We generated coevolution based contact predictions using GREMLIN (4, 12) for the 1297 protein families with N_f ≥ 64 and built models for the 921 protein families (1024 domains) with many contacts between positions separated by more than five residues along the linear sequence (number of long range contacts > half the number of residues in protein). The structure-prediction calculations converged on models with predicted TM scores (based on the benchmark calculations) greater than 0.65 for 614 of the 1024 domains. A list of the Pfam families covered by these models is in table S3; the models are available at http://gremlin.bakerlab.org/meta/, along with an interactive 3D interface powered by 3Dmol.js (38) and D3.js (39) for visualization of coevolution contacts on the models. These structures provide close templates for comparative modeling of 487,306 UniRef100 and 3,868,268 Integrated Microbial Genomes metagenomic unique (less than 80% pairwise identity) sequences.

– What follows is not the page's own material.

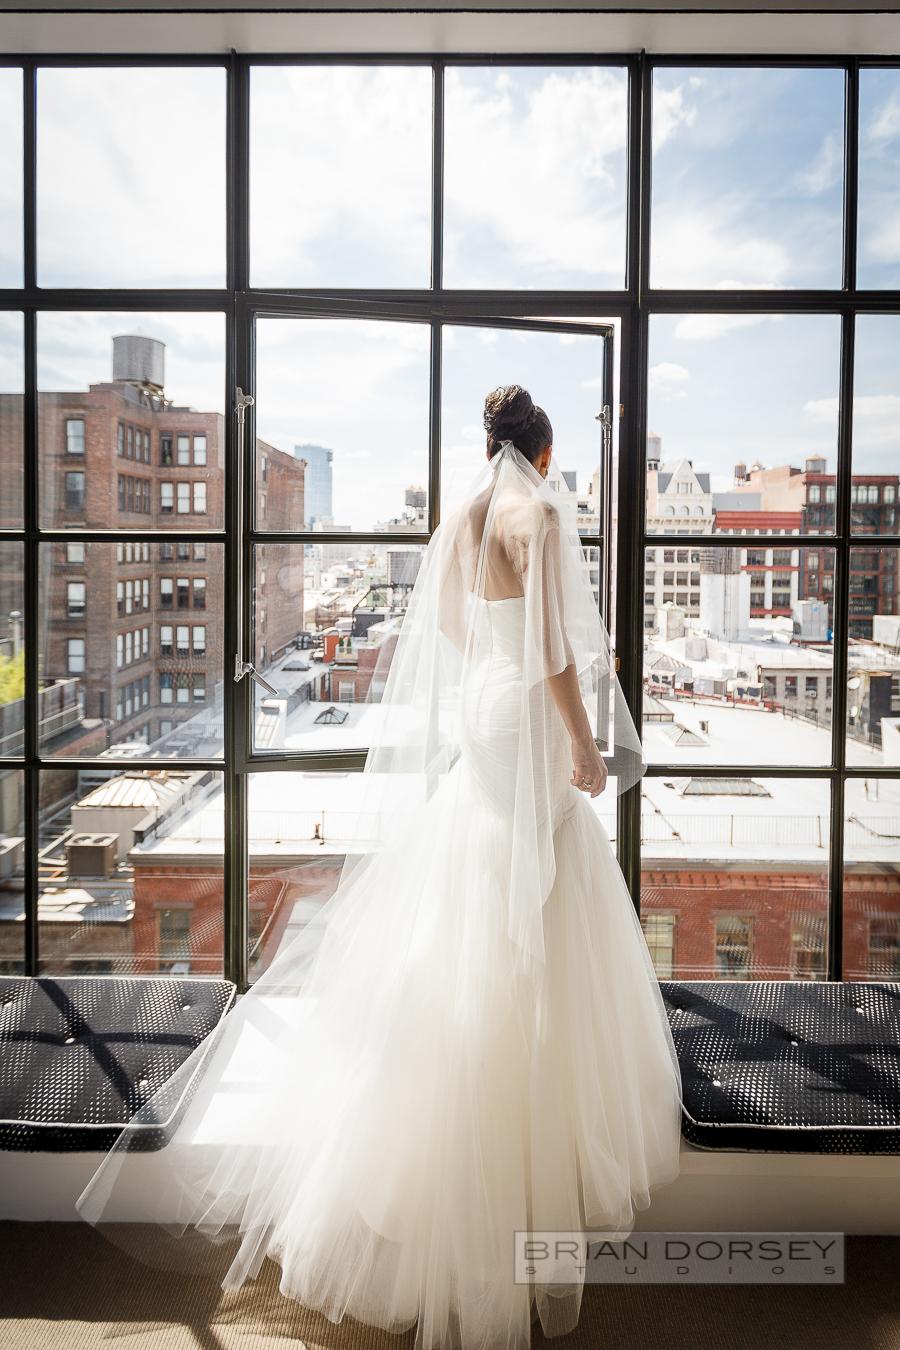 isola nomo soho hotel wedding brian dorsey studios ang weddings and events-10.jpg

The converged models for the 614 Pfam families (table S3) provide a view of the hitherto unseen protein universe. To determine whether the models belong to known protein folds, we carried out structure-structure comparisons against the Structural Classification of Proteins (SCOP) (40) domain database. For 477 of the families, the models matched a protein of known structure over nearly the entire length and, hence, can be assigned to SCOP folds (52 distinct all alpha, 29 alpha/beta, 51 alpha+beta, and 28 all-beta folds). In a number of cases, the SCOP classifications are consistent with previous functional information; for example, the restriction endonuclease Xho I is assigned to the restriction enzyme fold, and a family of prokaryotic putative ubiquitin-like proteins is assigned the beta-grasp fold (to which ubiquitin belongs). For 137 of the domains, there were no significant structure matches of the models to the PDB (TM-align score < 0.5), and hence, these have new folds. Space limitations preclude showing here even a small number of the 614 models; instead, we show a small selection of the 3D structures in Fig. 3. They include the key developmental regulator Chordin; a key enzyme in cobalbumin synthesis; a metalloendopeptidase; and mercury and iron transporters. Six are transmembrane proteins, four have new folds, and several have complex topologies. These and the remaining 590 structure models not shown in Fig. 3 should provide a basis for understanding molecular function and mechanisms and should guide experimental structure determination (such efforts should be informed of the limitations of the modeling approach described in the supplementary text). While this manuscript was in preparation, crystal structures of members of 5 of the 614 families were published and are similar to the corresponding models (TM-align score ≥ 0.7) (see fig. S3 and table S4).

The models presented in this paper fill in about 12% of the structural information missing for known protein families. That this could be accomplished using computational modeling methods was not at all apparent 5 years ago. This progress required integration of advances in disparate research areas: metagenome sequencing, coevolutionary analysis, and de novo protein structure-prediction methodology. This combined approach has a bright future: Extrapolating from the data in Fig. 2B suggests that in several years the majority of families will have sufficient number of sequences for accurate structure modeling. A current limitation is that most sequence data are for prokaryotes, but as fungal and other simple eukaryote genome structure prediction sequencing projects ramp up, the approach should become applicable to eukaryote specific protein families.